Anti-HER2 therapy in second-line treatment

Following the DESTINY-Gastric01 and 02 trials, a phase III trial comparing T-DXd with ramucirumab + paclitaxel in patients with HER2-positive gastric cancer with HER2 IHC 3 + or IHC2 + /ISH + after first-line treatment with trastuzumab is currently underway (DESTINY-Gastric04 trial; NCT04704934). The primary endpoint is OS, and one distinctive feature of this trial is the confirmation of HER2 positivity just before enrollment, which differs from the DESTINY-Gastric01 trial.

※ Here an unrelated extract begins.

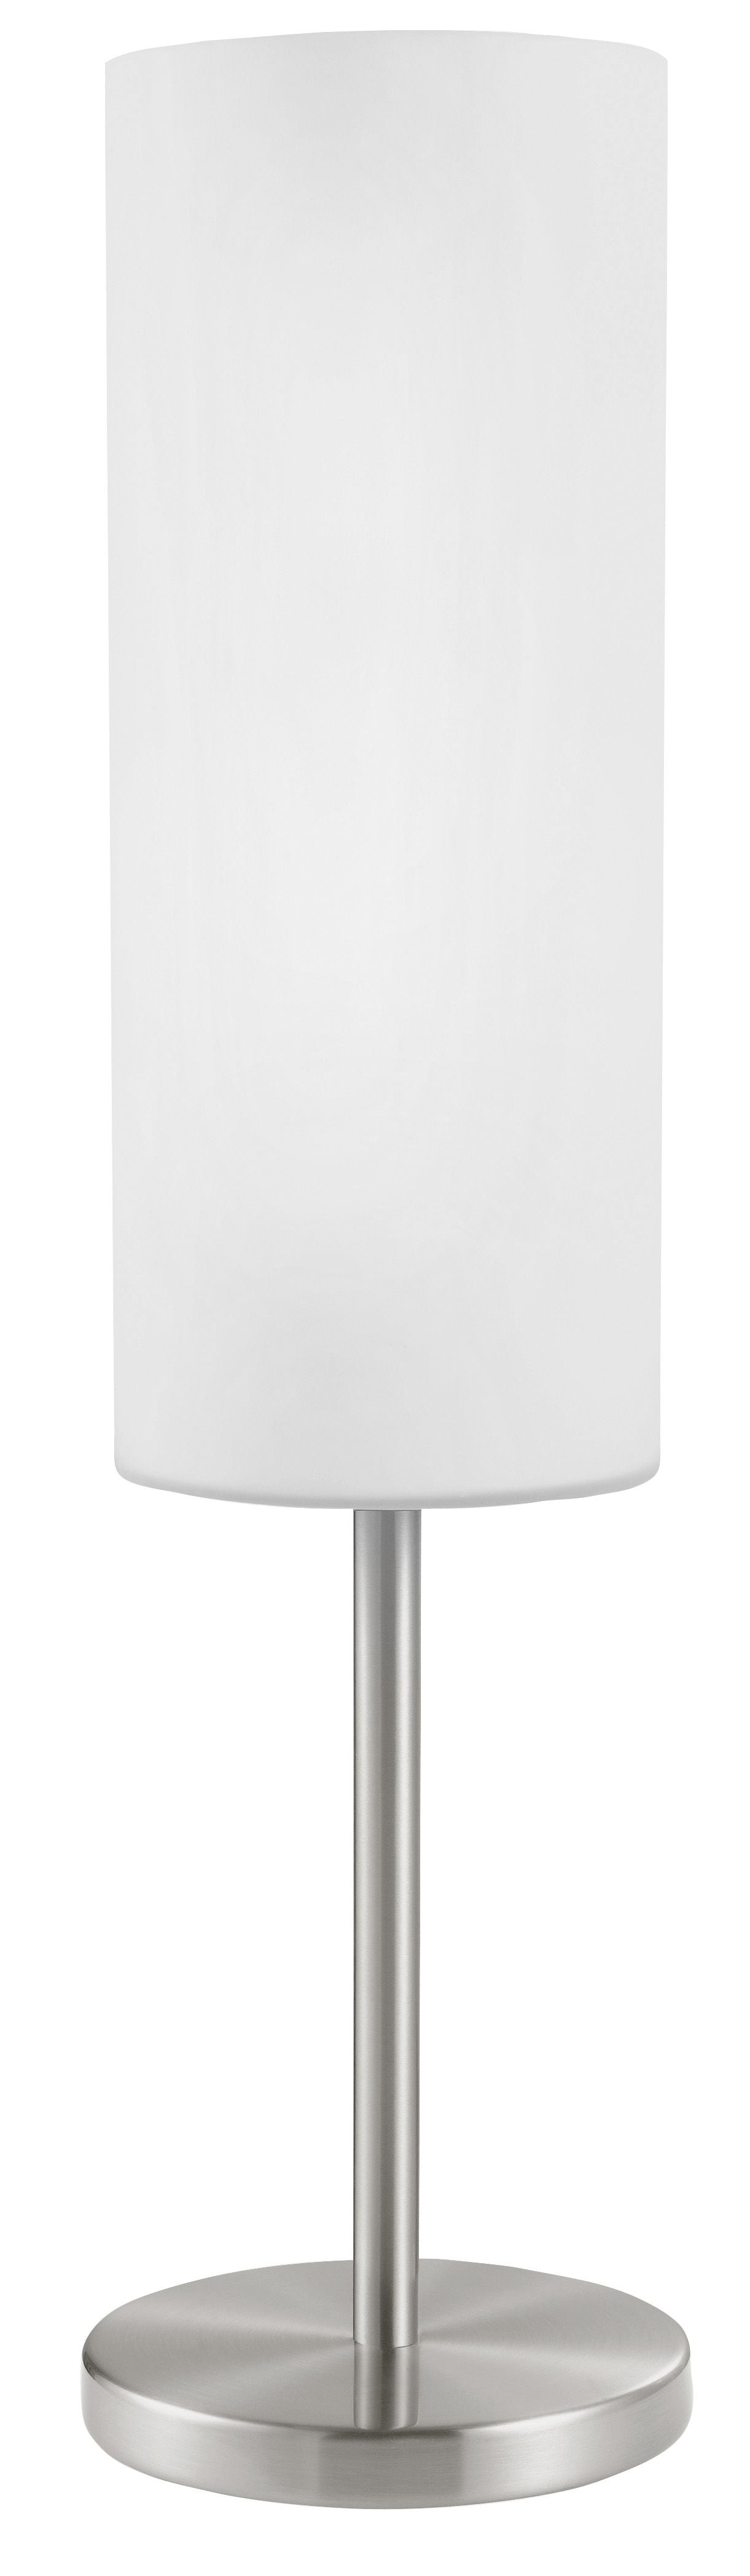 Troy 3 Lampe sur table Nickel - 85981A | EGLO
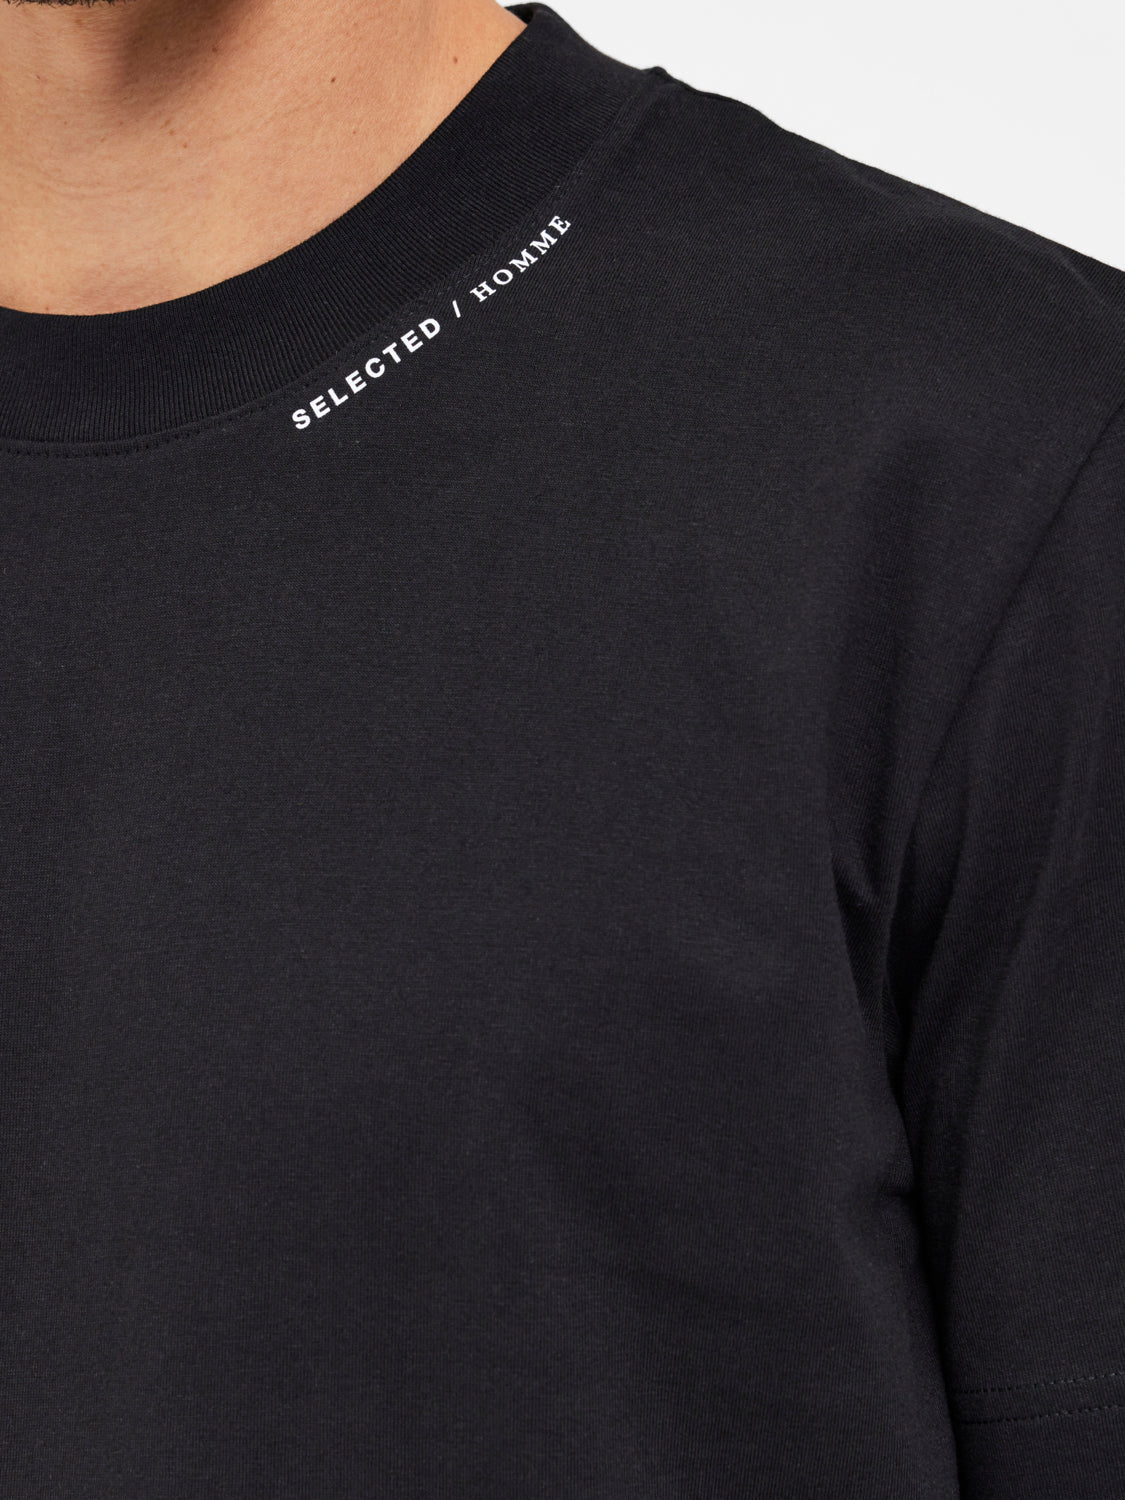 SELECTED HOMME - LEX T-Shirt - Black

CD47 expression on tumor cells can impair phagocytosis by immune cells mediated by the Fc portion of antibodies like trastuzumab (the "Don't Eat Me" signal) [41]. Therefore, a phase II/III trial is ongoing to test the additive effect of combining trastuzumab and the anti-CD47 antibody evorpacept (ALX148) with ramucirumab and paclitaxel using standard treatment with ramucirumab and paclitaxel as the control arm for HER2-positive gastric cancer (ASPEN-06 trial; NCT05002127). In Part 2 of the preceding ASPEN-01 trial, a response rate of 72.2% (n = 18) was reported for a combination of these four drugs [42].

Bispecific antibody (BsAb) targeting HER2

Antibody drugs, such as trastuzumab, typically recognize one antigenic site; however, BsAbs that recognize two different epitopes have recently gained attention [43]. One such antibody is zanidatamab (ZW256), a biparatopic antibody that recognizes both the extracellular domains IV and II of HER2 using a single antibody. Zanidatamab is expected to form large clusters of HER2 on the cell surface, potentially inducing complement-dependent cytotoxicity more than when trastuzumab and pertuzumab are administered [44]. Currently, a phase III trial is comparing three regimens for the first-line treatment of HER2-positive (IHC 3 + or IHC 2 + /ISH +) gastric cancer: trastuzumab + chemotherapy, zanidatamab + chemotherapy, and zanidatamab + tislelizumab + chemotherapy (HERIZON-GEA-01 trial; NCT05152147) [45].

Conclusion

The ToGA trial established a combination of trastuzumab as the standard treatment for HER2-positive gastric cancer; however, subsequent therapeutic developments have not advanced sufficiently. Although ADCs have achieved some success, continued efforts are necessary regarding the combination of anti-PD-1 antibodies and other immunotherapies and a thorough investigation of the resistance mechanisms of anti-HER2 therapies. The importance of HER2 as a critical therapeutic target for gastric cancer is undeniable, and further examination of treatment strategies for HER2-positive gastric cancer is essential.